The day my husband Ed got a really bad bug. So you really are sick, what now?
Ed is a working guy and was an on-the-road serviceman for 30 years, first with Southland Corporation (7–11), then 25 years with a chemical company where he designed, installed and maintained chemical pumping systems. In his mid-forties he was laid off. This was at the end of the housing bubble as the economy was going into recession. He got his contractor’s license and became a self-employed handyman. With his wide skill set he soon had a regular clientele.
When you work for someone else, health insurance is usually available. Ed had worked for big corporations and that was part of his benefits package. Now he had to buy a policy for his family. An annual insurance policy is a necessity. What do you get for that policy that you pay for every single month?
Ed’s Story
Throughout his life Ed had a variety of minor illnesses that were annoying, but incidental, each minor illness lasting a few days or a week longer than everyone else who had it. As a child, he had more than the average earaches, and as an adult he caught most of the colds that the kids brought home. All summer long he used sunscreen on his nose to keep from getting an infection on his skin.

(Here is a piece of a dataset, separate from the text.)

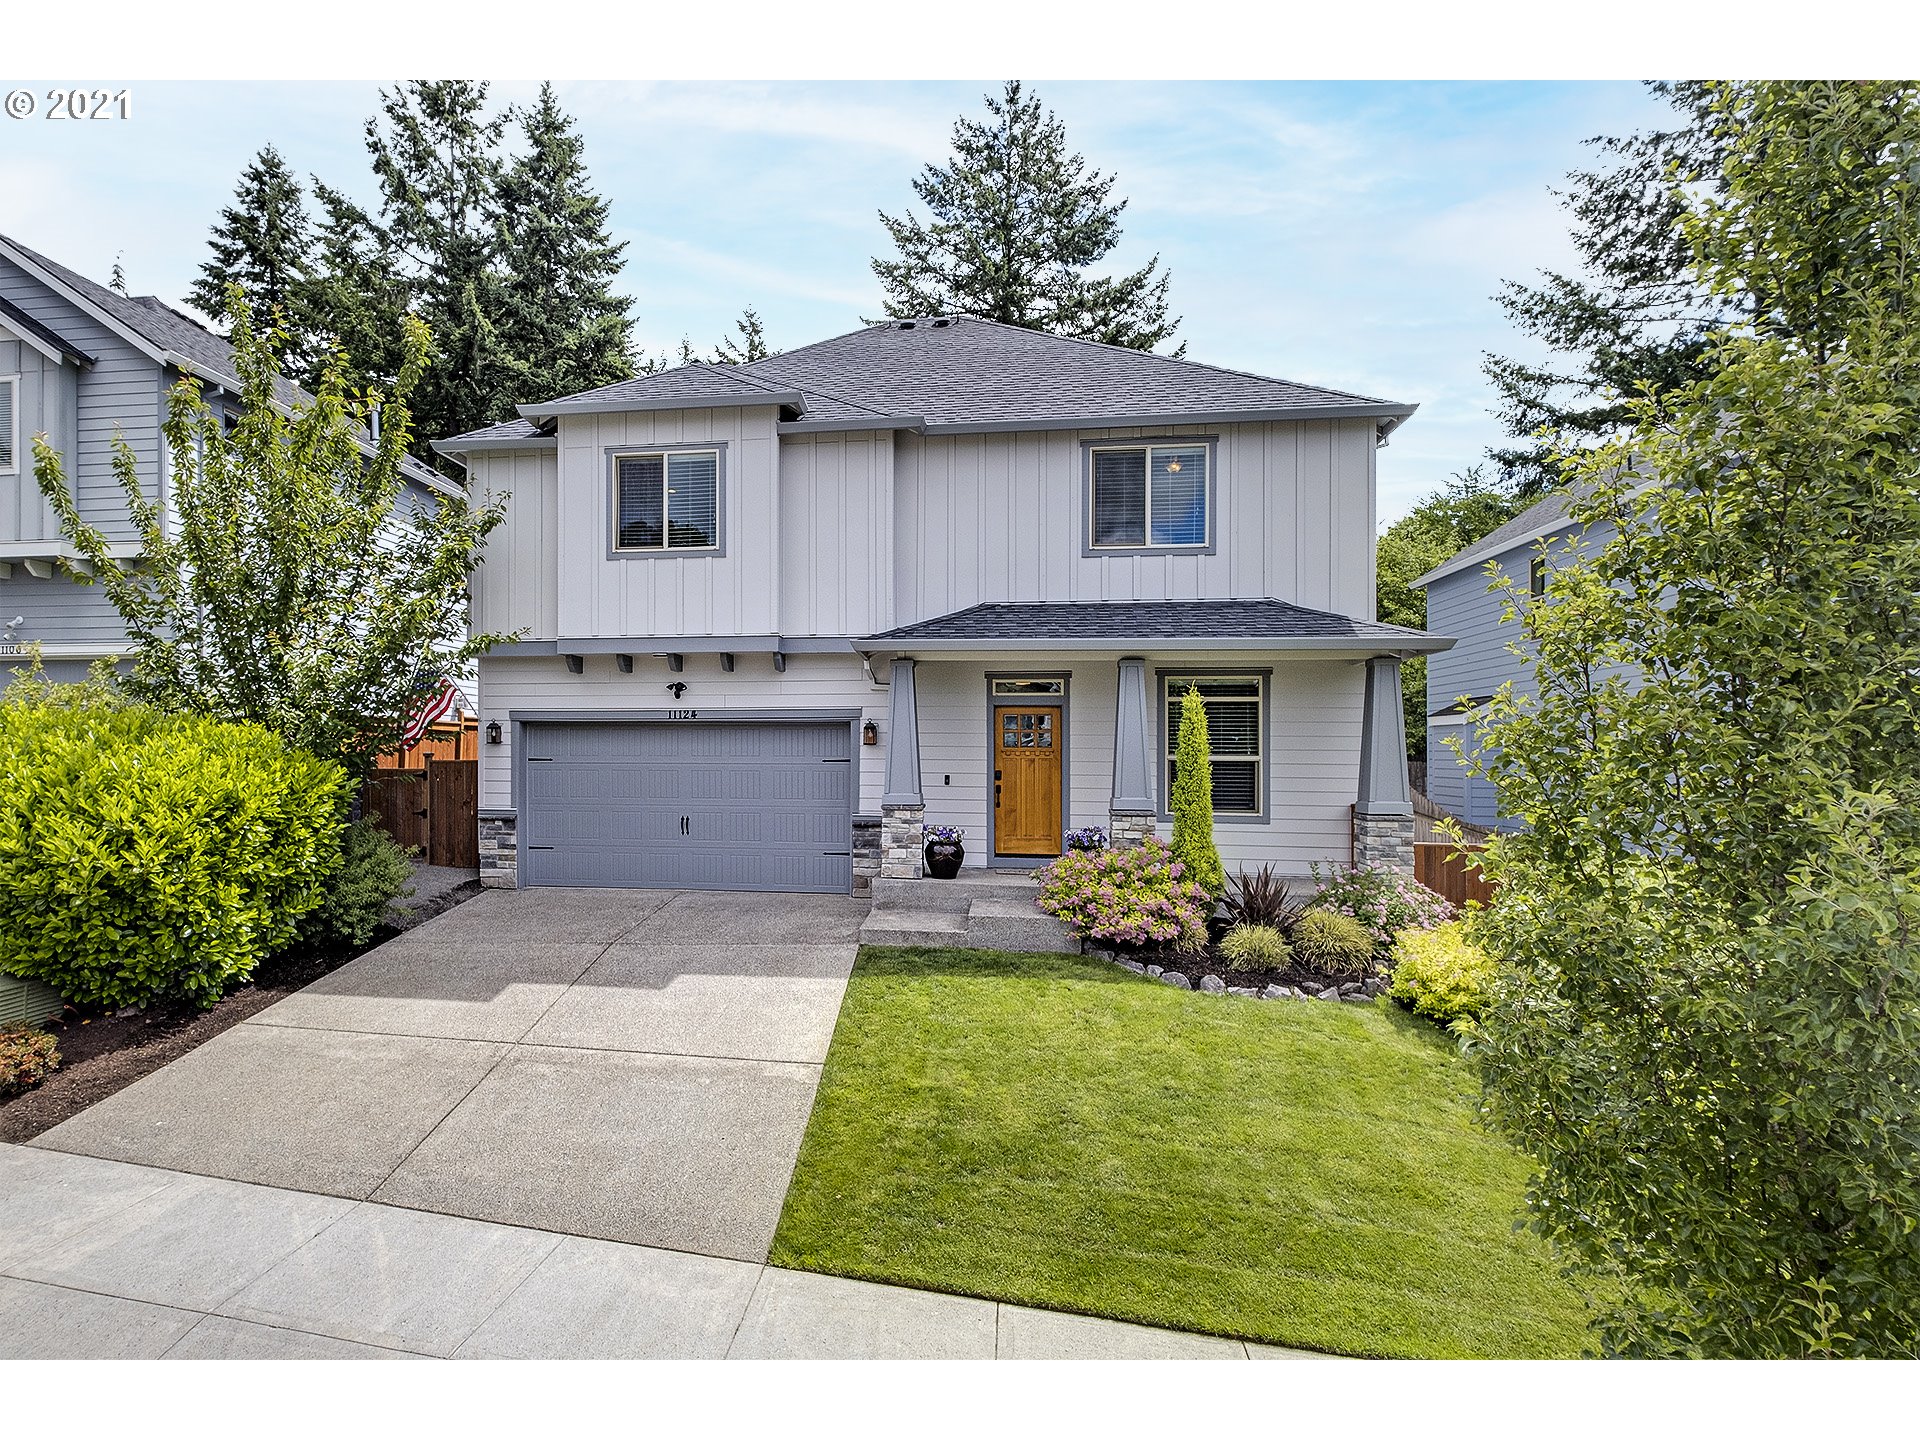 11124 SE 100TH AVE (1 of 22)

In his forties he had ongoing indigestion which grew slowly in intensity and proved to be a lactose intolerance. Changing to lactaid milk fixed that, although packaged foods and dining out require vigilance to spot milk as an ingredient.
All of these were nuisances with doctors treating issues as needed. Generally speaking, Ed chalked it all up to getting older.
The Health Crisis
Month Zero (July 2015)
At the age of 56 Ed, and the other three people in our household, caught an intestinal bug that ran a 48-hours course. Except Ed. His symptoms of diarrhea and fatigue continued and he began to lose weight. Fast. For Ed, diarrhea meant “all the food I ate an hour or more ago just passed through me chewed, pretty much the way I swallowed it.” Nothing was changed by passing through his digestive tract. He ate copious amounts of calories and lost weight at an alarming rate. Ed dropped from about 185 lbs. to the mid 150s — low 160s in 4 to 6 weeks, by which time I had him to a new gastroenterologist.
Status: Ed had no energy. He sat in his Lazy Boy day after day sleeping, carving wood, and eating chicken noodle soup.
Months 2–4 (August -October 2015)
We had the good fortune of meeting a local physician who was a new member of an established practice. She took the time to listen to the history of Ed’s experience and review any recent testing that we brought with us. Comprehensive blood, stool, and urine tests were ordered. The blood test pointed to a problem in the immune system, which created the need to rule out HIV regardless of virtually zero chance of its being possible.
Blood testing found low levels of immunoglobulin G. An HIV test was ordered, which caused major anxiety over a long weekend as to how he could have contracted it. Results came back negative.
The doctor also found bacteria in his stool and treated it with antibiotics.
Status: Ed continued to have diarrhea and to lose weight.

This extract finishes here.